I turned my head into him just as his fingers found the delicate lace cups of my bra, and when he captured my mouth with his, I forgot what I needed to forgive him for. He made love to me under those blankets, up in that hayloft, and it was so much different than when I’d lost my virginity in that same barn. It was beautiful and romantic and full of fireworks, and when I fell asleep in his arms that night, I was sure that there was nowhere I’d rather be than on that farm, in that hayloft, with the man who was showing me one day at a time that happily-ever-afters really do exist, even for hand-me-down farm girls like me.

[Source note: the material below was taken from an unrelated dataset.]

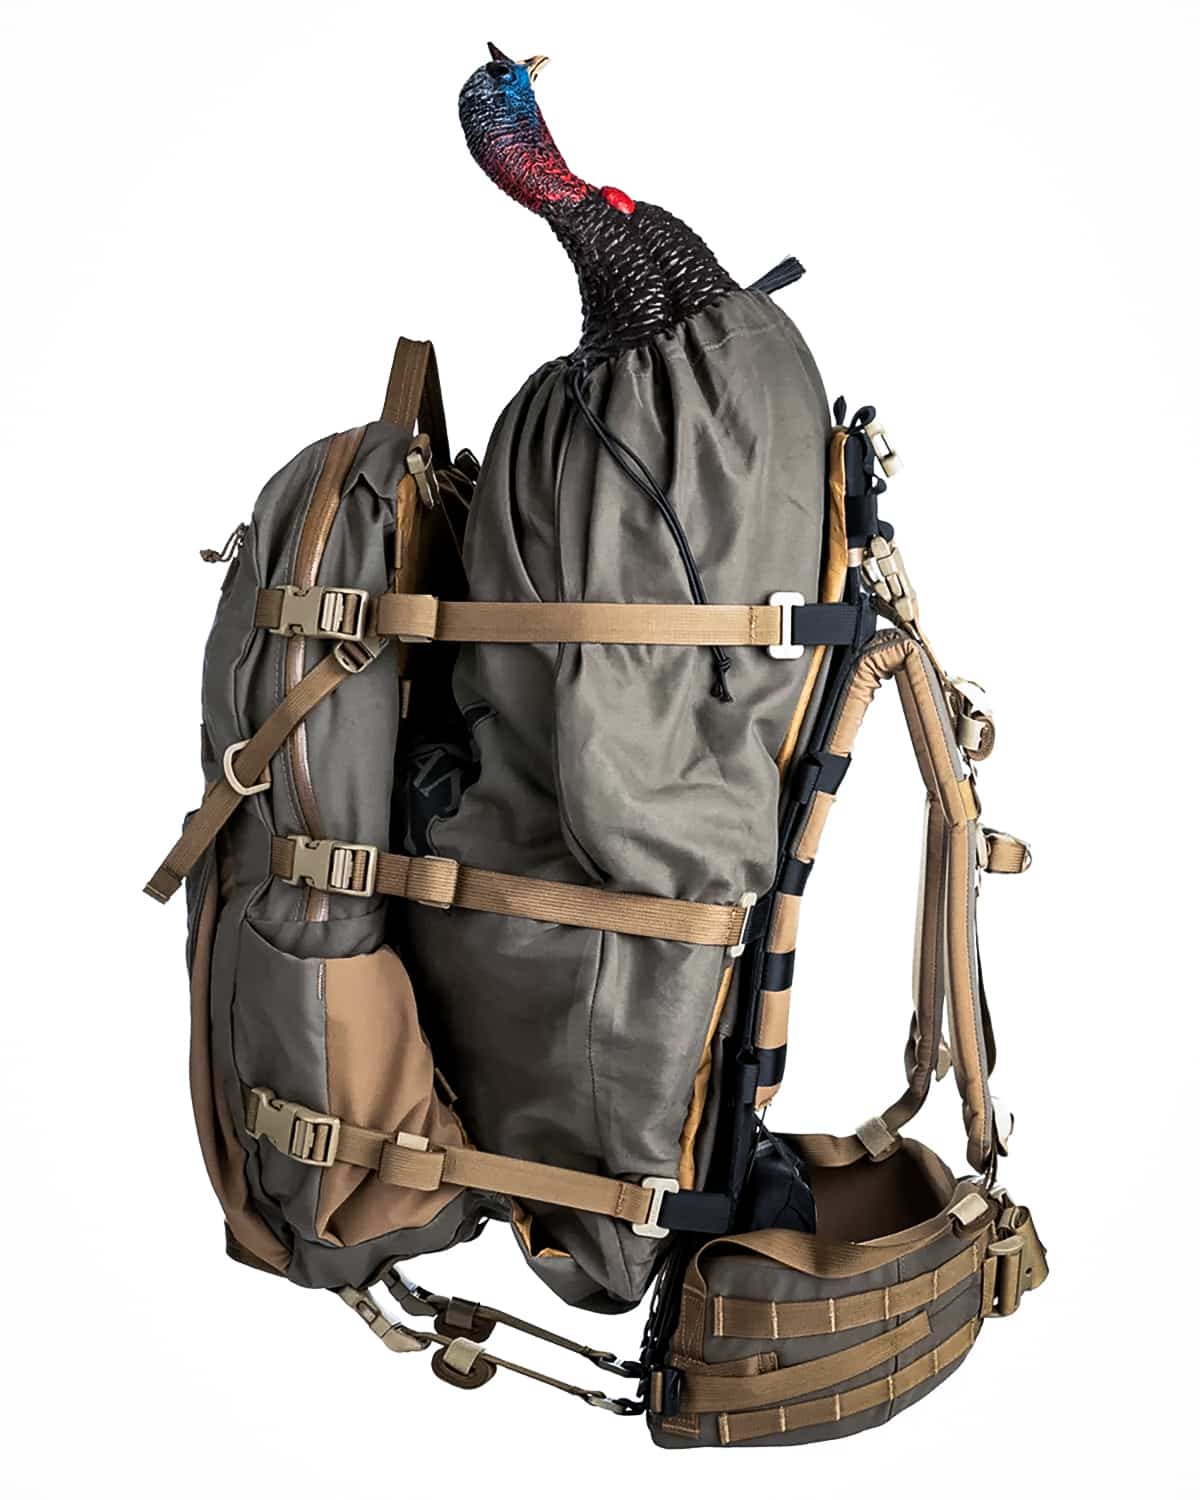 pronghorn antelope backpack
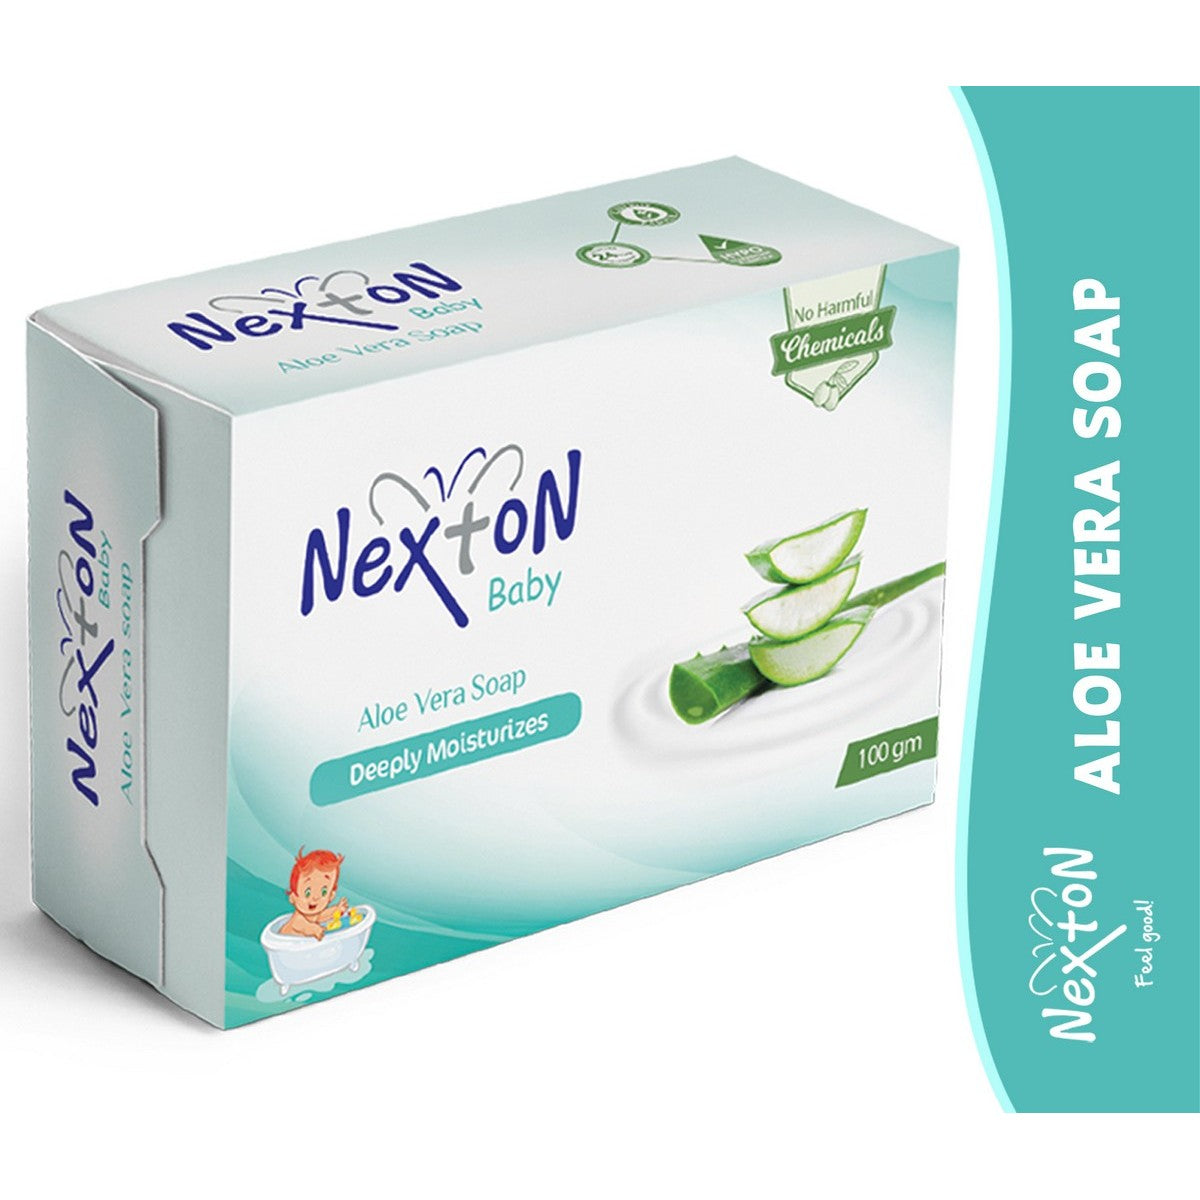 Nexton baby soap

We flew home after the holiday, and Mike took me to meet his mom. My stomach was in knots for nothing, because she immediately gave me a bone-crushing hug and told me how much she already adored me. She had Mike’s warm brown eyes, and I took to her instantly, knowing she had raised the man I wanted to spend the rest of my life with. She told me all sorts of stories about Mike as a kid, and the more his cheeks flushed as she told them, the more I fell in love with him, which I couldn’t have imagined was even possible. His mom made me promise to come back to try her secret fudge cookie recipe soon—with or without her son—and I promised I’d return the very next weekend, and I did.
I’m still sitting on Mike’s lap at his drums, with Dee and Rowan clapping wildly at the bar, when a voice across the room loudly asks, “What are we cheering for?”